Content starts
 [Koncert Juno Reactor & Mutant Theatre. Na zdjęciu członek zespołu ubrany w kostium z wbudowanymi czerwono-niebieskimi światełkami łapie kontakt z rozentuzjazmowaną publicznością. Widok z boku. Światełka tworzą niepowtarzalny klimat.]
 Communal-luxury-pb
Content ends
Content starts
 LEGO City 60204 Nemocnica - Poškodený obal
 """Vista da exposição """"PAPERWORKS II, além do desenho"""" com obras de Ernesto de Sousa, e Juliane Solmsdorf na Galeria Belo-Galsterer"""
Content ends
[TRY IT]
Write out exactly the lines that fall from the line with "LEGO City 60204 Nemocnica - Poškodený obal" to the line with "II, além do" in the records above, keeping both ends.

[RESULT OF THIS EXERCISE]
 LEGO City 60204 Nemocnica - Poškodený obal
 """Vista da exposição """"PAPERWORKS II, além do desenho"""" com obras de Ernesto de Sousa, e Juliane Solmsdorf na Galeria Belo-Galsterer"""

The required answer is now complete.